LITTLE CANADA, Minn. - The moment that will live forever in the lore of Gordie's Place is still fresh in the minds of owners, employees and patrons, but on Monday came a chance to move on.
At 11 a.m. the doors to the popular Little Canada beer and burger stop opened to customers for the first time since May 30, when a pickup plowed through the wall of the establishment and pinned six customers against the bar. Some of them were hospitalized for days following the crash, but all somehow survived.
The bar reopened with little fanfare and a small, somewhat subdued crowd.
"Nothing grand about it, kind of grand the way it closed but not too grand of opening we will just get the doors open," said owner Tom Cossack.
Still, the trauma of the day brings much emotion.
"You cannot look at the film and not believe somebody did not get killed," said Cossack. "We are just very lucky."
Cossack says he repaired the bar from floor to ceiling, with damages above $100,000. The hole in the wall did lead to one new opportunity.

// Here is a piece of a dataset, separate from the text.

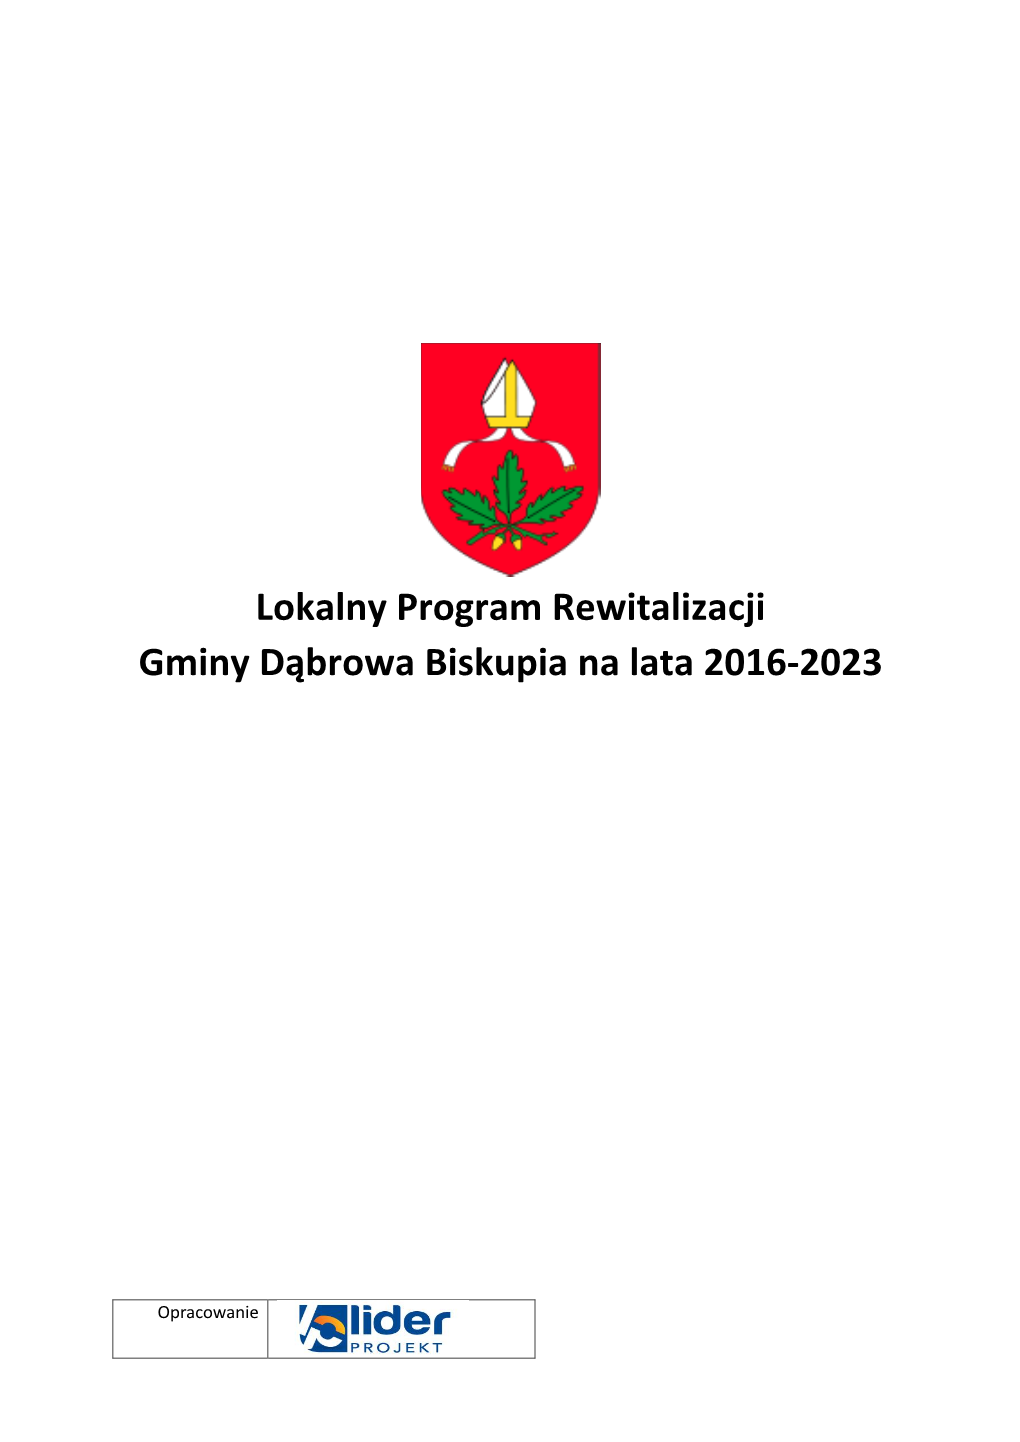 Lokalny Program Rewitalizacji Gminy Dąbrowa Biskupia Na Lata 2016-2023

"This will be a welcome addition," pointing to Gordie's new patio deck. "There was a hole in the wall so I didn't have any trouble putting the door," he said.

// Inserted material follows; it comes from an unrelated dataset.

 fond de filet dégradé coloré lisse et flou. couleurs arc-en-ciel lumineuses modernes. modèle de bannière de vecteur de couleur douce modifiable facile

The bar is also offering new t-shirts available with messages on them that are truly tongue-in-cheek. One reads "I survived Gordie's drive-thru," while others read "I didn't get smashed at Gordie's... this time" and "Gordie's: Not your average hole-in-the-wall."
"You got to have a sense of humor, you got to laugh, and say hey, everybody is alive," said bartender and bar manager, Pat Sazenski, who can be seen diving away from the truck in the video. "Today, I just keep one eye on the window and one eye on the customer."
At least two customers who were struck by the runaway pickup and pinned to the bar were on hand for the reopening but didn't want to talk about what the occasion meant as they are still too traumatized.
Patrons who survived the crash later described the impact like "a bomb going off." The Ramsey County Sheriff's Office spokesman Randy Gustafson says the driver of the pickup, 51-year-old Christine Spiritwolf, is believed to have suffered a diabetic-related medical emergency while driving on Little Canada Road, and will not be charged. She struck a power pole and careened Gordie's Place.
Surveillance tape captured the near-death incident, and catapulted the story into national headlines. People who saw it couldn't believe all the people who sat at the bar quietly chatting that afternoon survived.
Sazenski told KARE 11 days after the crash that Gordie's owner hoped to reopen the joint within a week, but that goal proved to be optimistic. The doors were finally reopened Monday, nearly four weeks after the crash.
Cossack says he just wants to go back to "everyday business", another year in the bar's 80 year history, a bar that gave him his first job six decades ago.
"We are just a plain old little bar in a small community, but a good community," he said.